2. Si vous n’avez pas de réponse dans les huit jours qui suivent, informez votre curé que vous allez porter le problème à la connaissance de votre évêque. Et écrivez à votre évêque en joignant la copie du premier courrier que vous aviez envoyé à votre curé : « Monseigneur, ayant constaté un certains nombre d’abus systématiquement introduits dans la messe paroissiale à laquelle je participe, j’ai écris comme il se doit à mon curé pour obtenir de lui des explications (voir lettre ci-jointe).

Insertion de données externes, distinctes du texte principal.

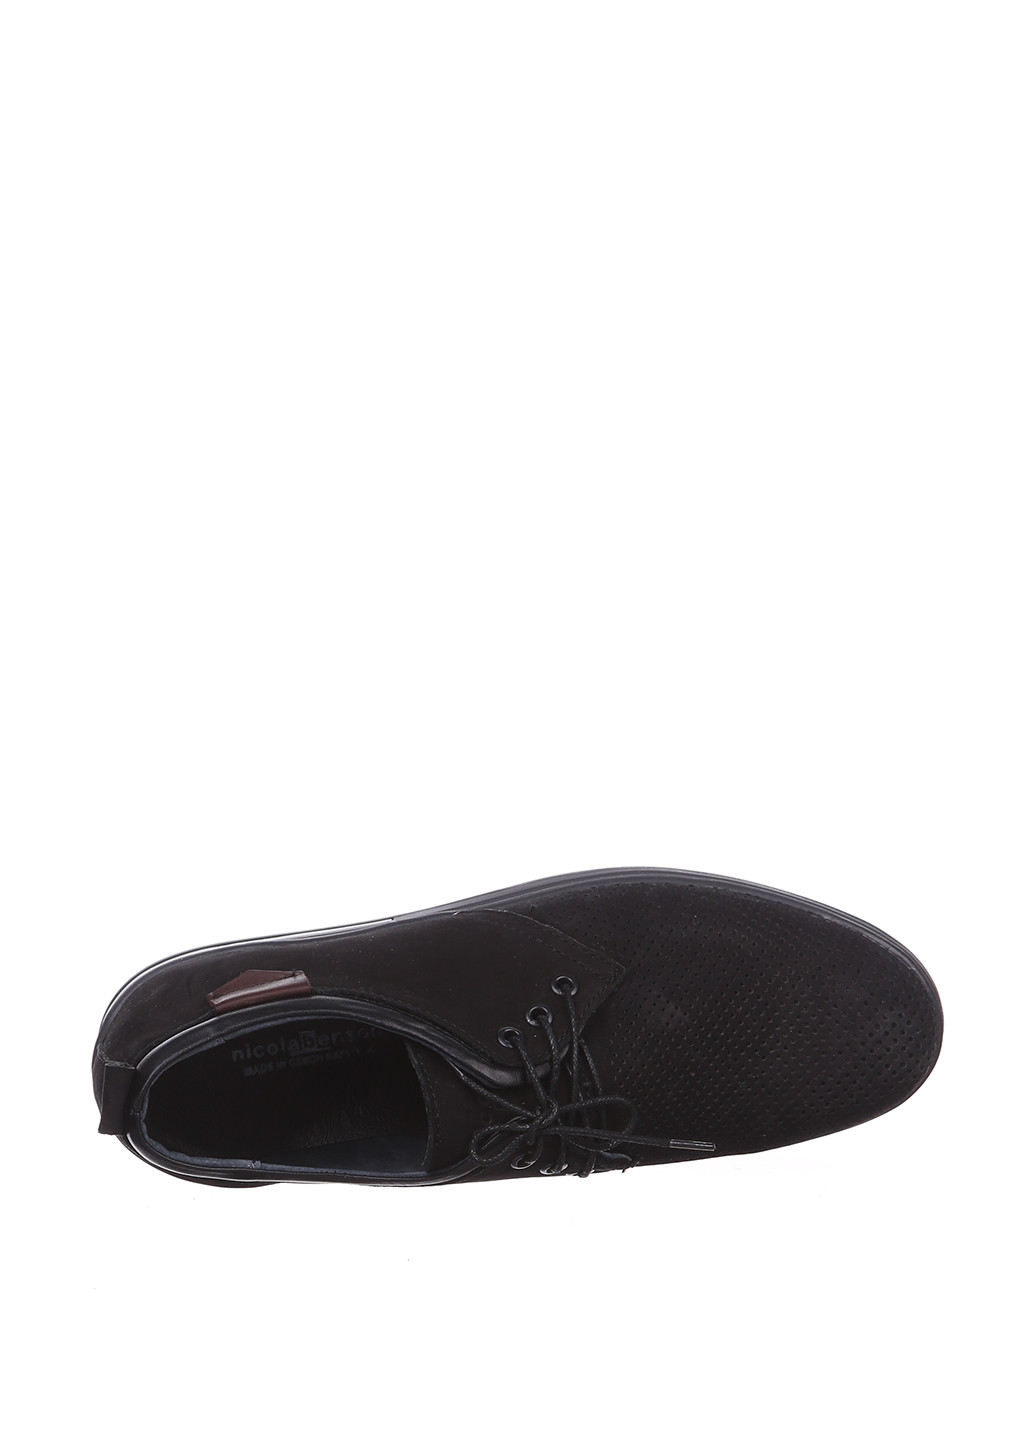 Черные кэжуал туфли Nicola Benson на шнурках

Comme il n’a pas jugé bon de me répondre, c’est vers vous que je me tourne en tant que vous êtes le gardien et le promoteur de la liturgie de l’Eglise. Dans l’attente de votre réponse... etc. »

 

3. N’acceptez aucune réponse du genre « il faut être accueillant », « il faut être ouvert à un sain pluralisme », « il faut respecter toutes les sensibilités », « il faut nous accepter les uns les autres riches de nos pauvretés », « il faut avant tout pratiquer la charité »... etc. Toutes ces formules répétées comme des mantras ne sont que du « baratin ecclésiastique » utilisé pour noyer le poisson, pour éviter d’avoir à répondre à la question de fond : pourquoi la liturgie n'est-elle pas respectée ? Si vous en avez la possibilité, faites savoir dans votre lettre que des membres de votre famille, des voisins, des amis... se joignent à votre démarche. Et rappelez-vous toujours que même si vous vous sentez isolé dans votre paroisse, la démarche que vous entreprendrez est un droit qui s'inscrit dans la droite ligne des enseignements du Pape Benoît XVI, comme le prouve l’Instruction Redemptionis Sacramentum.